On 10/1/2020 11:21 AM, Till Rohrmann wrote:
> Hi Andreas,
>
> do the logs of the JM contain any information?
>
> Theoretically, each task submission to a `TaskExecutor` can trigger a 
> new connection to the BlobServer. This depends a bit on how large your 
> TaskInformation is and whether this information is being offloaded to 
> the BlobServer. What you can definitely try to do is to increase the 
> blob.fetch.backlog in order to see whether this solves the problem.
>
> How many jobs and in with what timeline do you submit them to the 
> Flink cluster?
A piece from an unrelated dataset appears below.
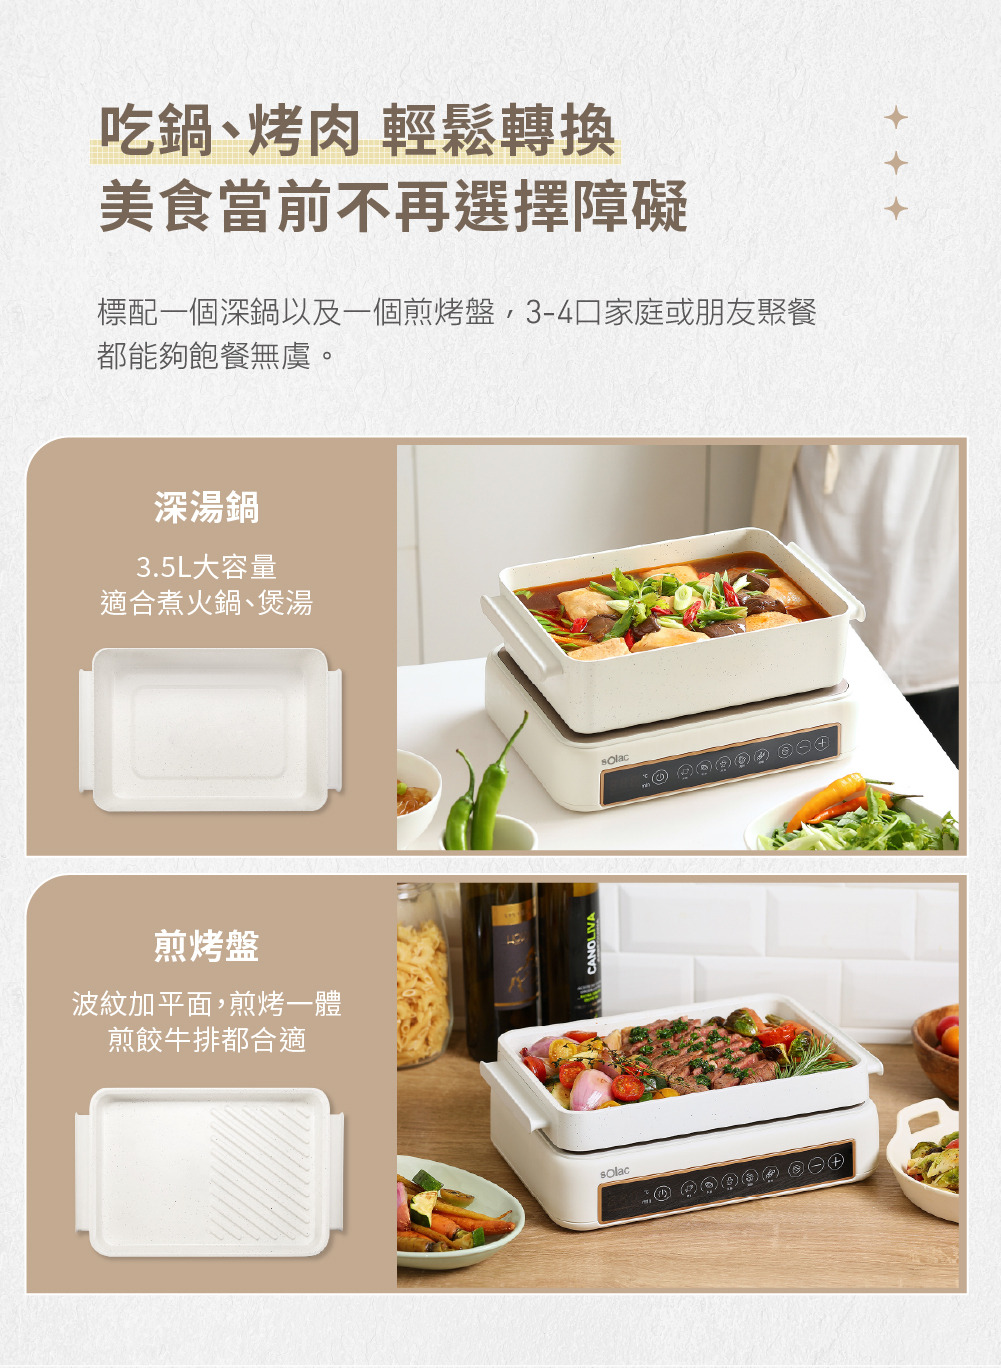 多功能陶瓷電烤盤 SMG-020W標準配備一個深鍋與一個煎烤盤，適合3-4人使用

Maybe you can share a bit more details about the 
> application you are running.
>
> Cheers,
> Till
>
> On Wed, Sep 30, 2020 at 11:49 PM Hailu, Andreas <Andreas.Hailu@gs.com 
> <ma...@gs.com>> wrote:
>
>     Hello folks, I’m seeing application failures where our Blobserver
>     is refusing connections mid application:
>
>     2020-09-30 13:56:06,227 INFO
>     [flink-akka.actor.default-dispatcher-18]
>     org.apache.flink.runtime.taskexecutor.TaskExecutor -
>     Un-registering task and sending final execution state FINISHED to
>     JobManager for task DataSink (TextOutputFormat
>     (hdfs:/user/p2epda/lake/delp_prod/PROD/APPROVED/staging/datastore/MandateTradingLine/tmp_pipeline_collapse)
>     - UTF-8) 3d1890b47f4398d805cf0c1b54286f71.
>
>     2020-09-30 13:56:06,423 INFO
>     [flink-akka.actor.default-dispatcher-18]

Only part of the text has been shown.